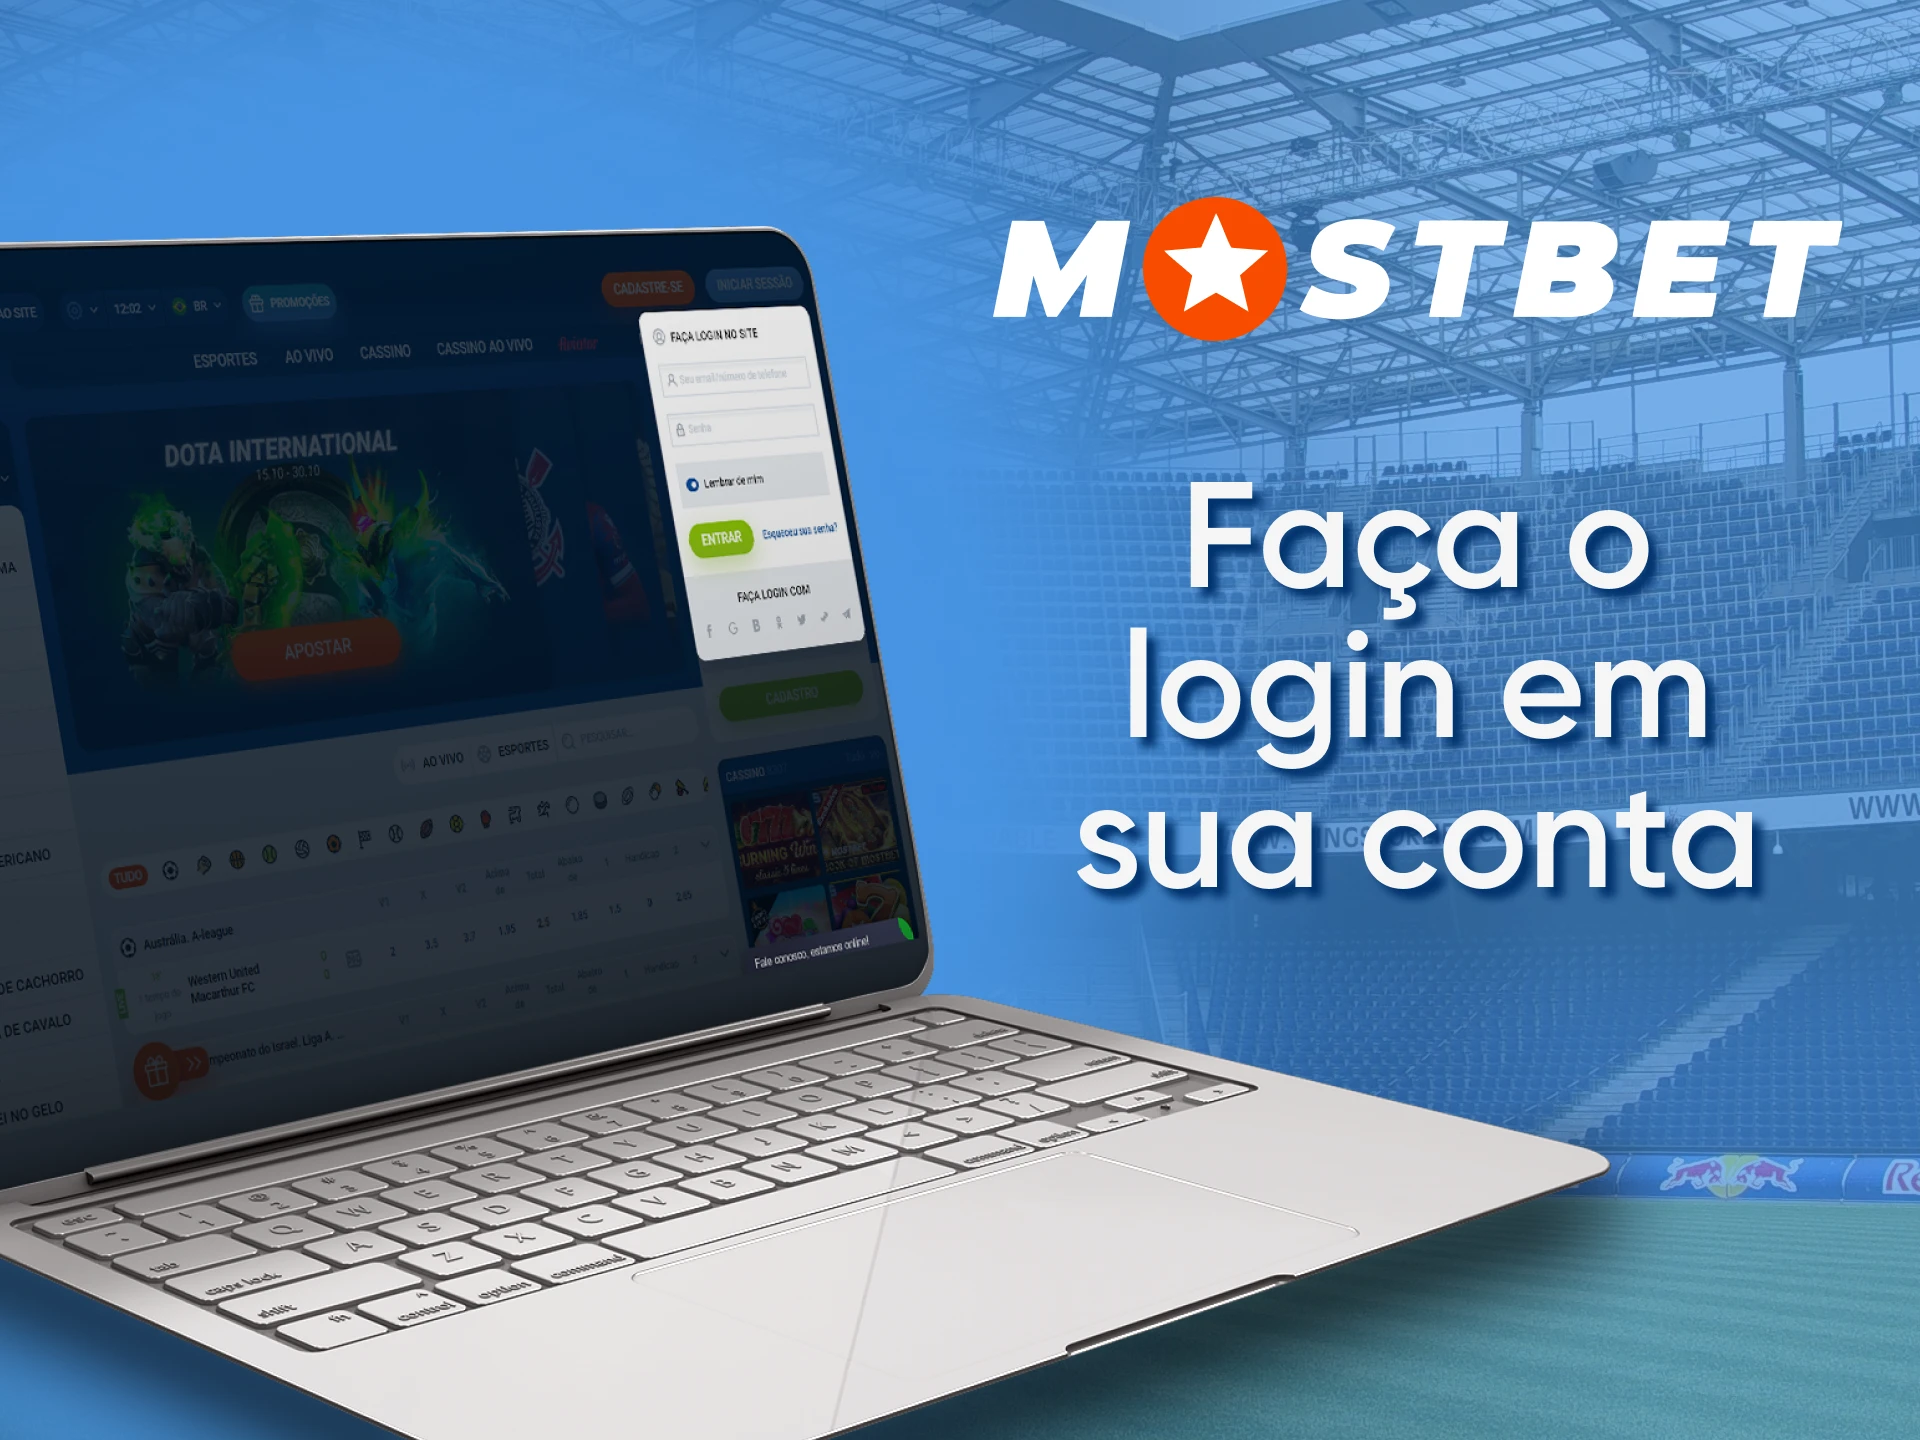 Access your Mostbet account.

=-=-=

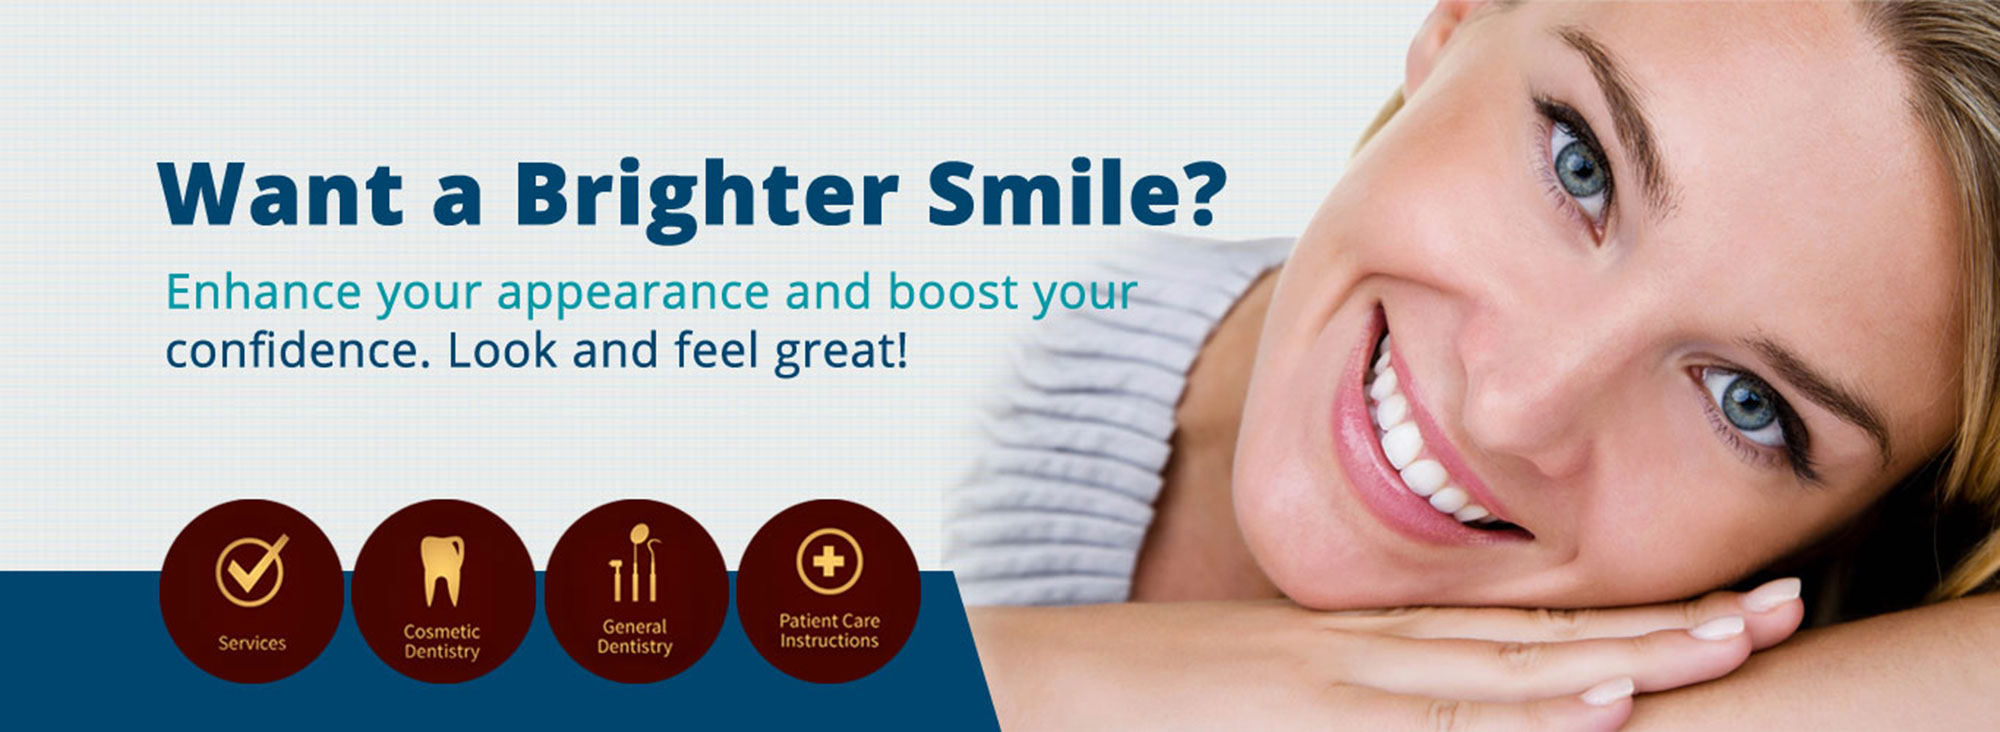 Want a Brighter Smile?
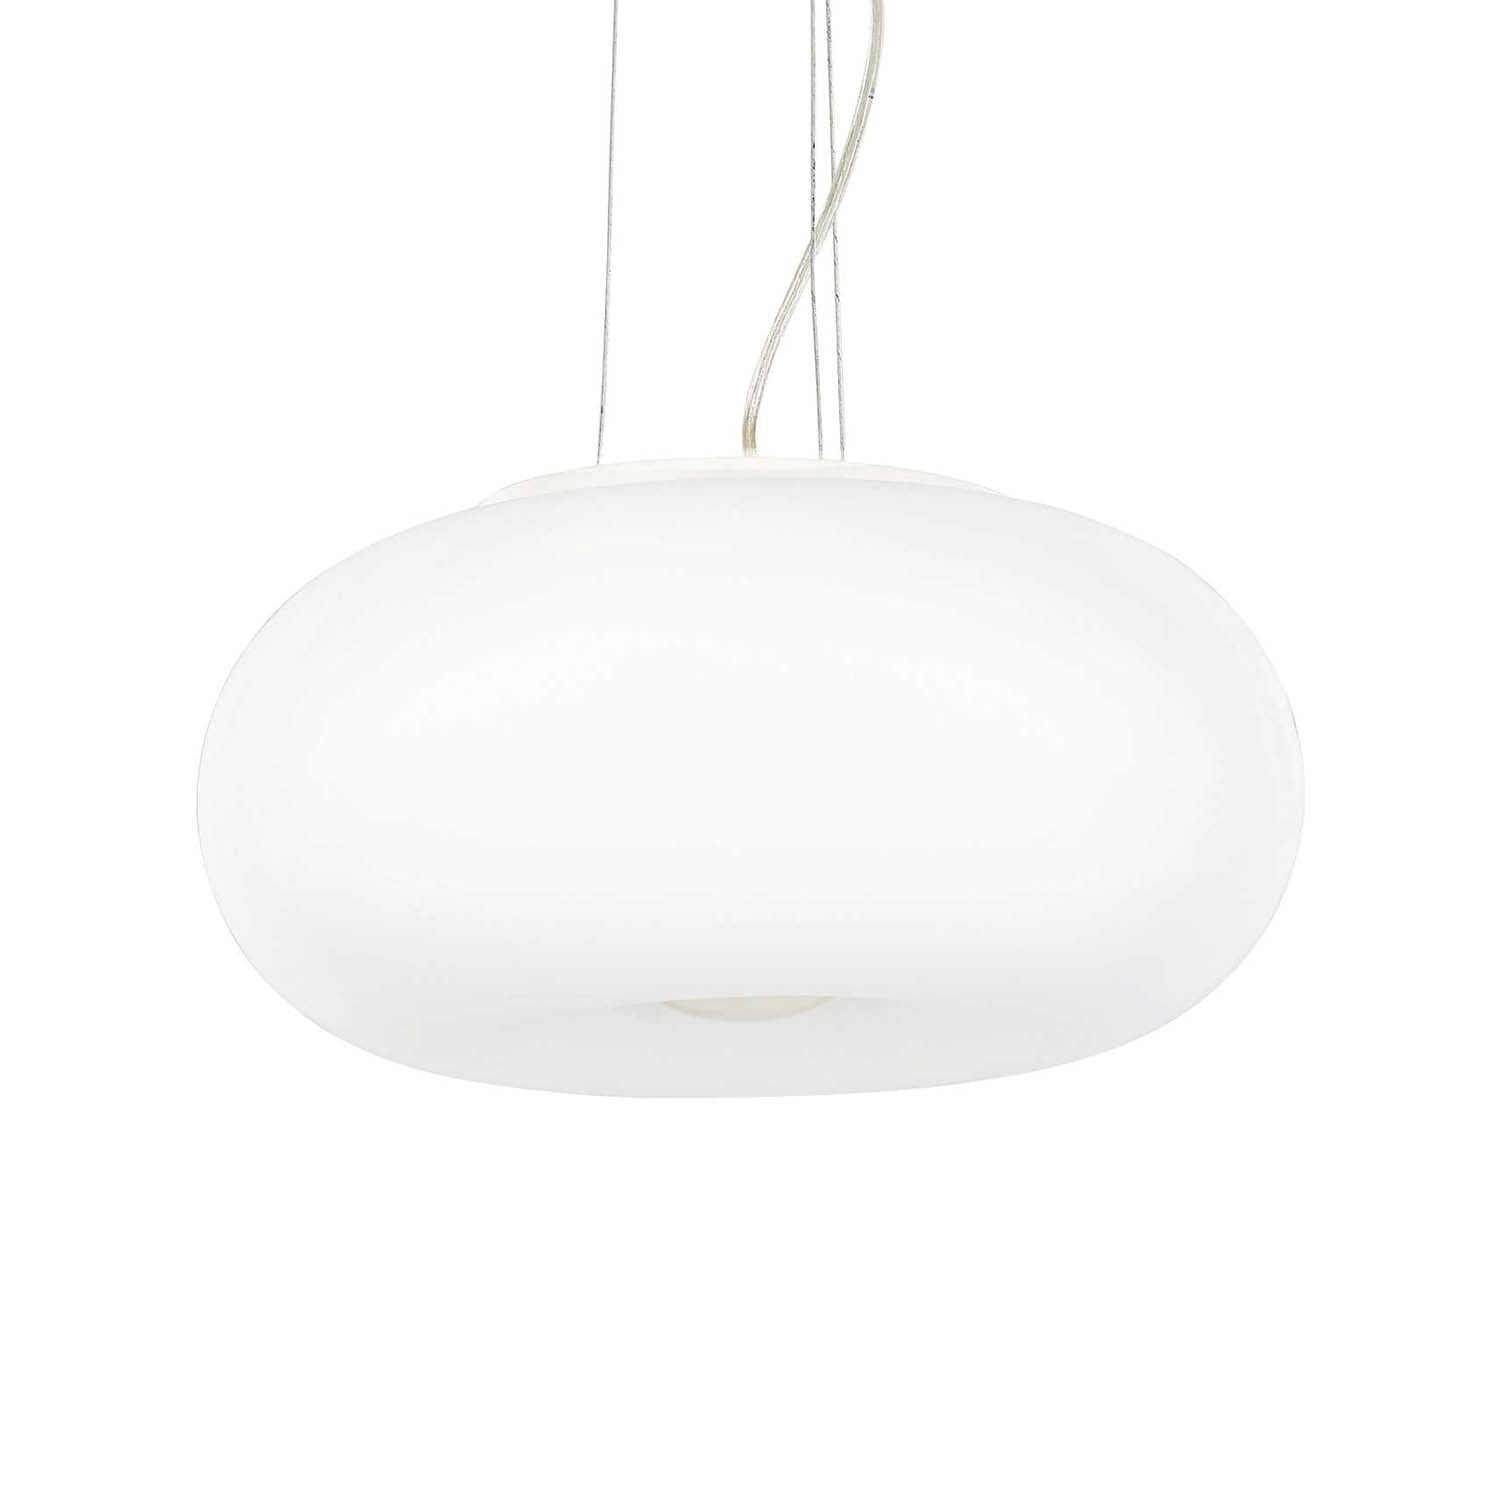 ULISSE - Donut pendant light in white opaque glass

=-=-=

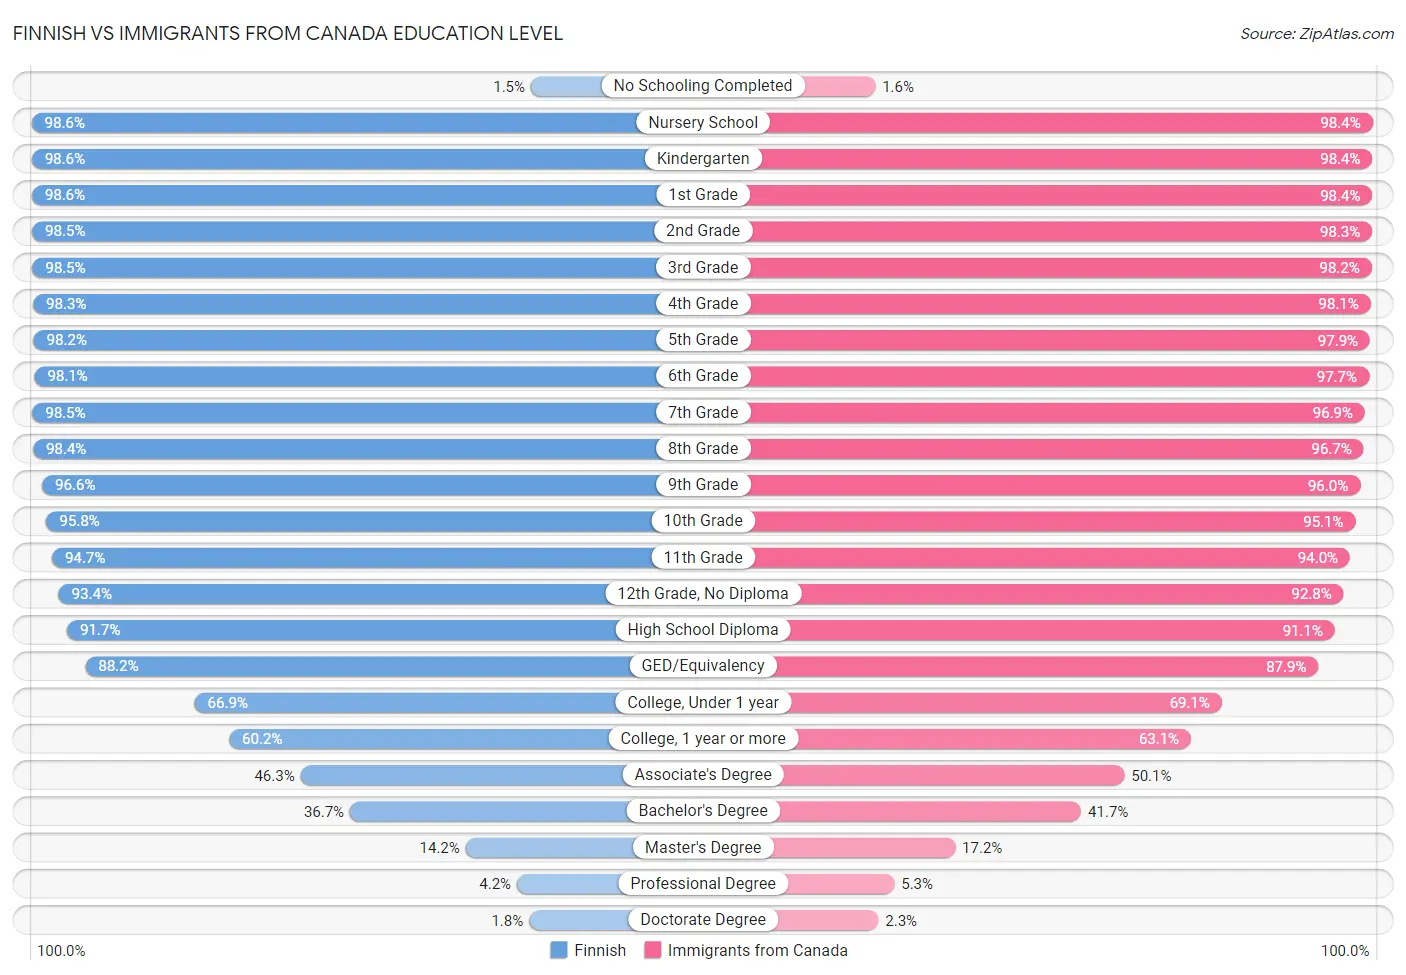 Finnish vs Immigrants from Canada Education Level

=-=-=

-- TASK REQUIREMENTS --
Would you write out exactly the lines above, starting at the line containing "Want a Brighter Smile?" and stopping after the line containing "ULISSE - Donut"? Omit the pictures.

-- YOUR RESPONSE --
 Want a Brighter Smile?
 ULISSE - Donut pendant light in white opaque glass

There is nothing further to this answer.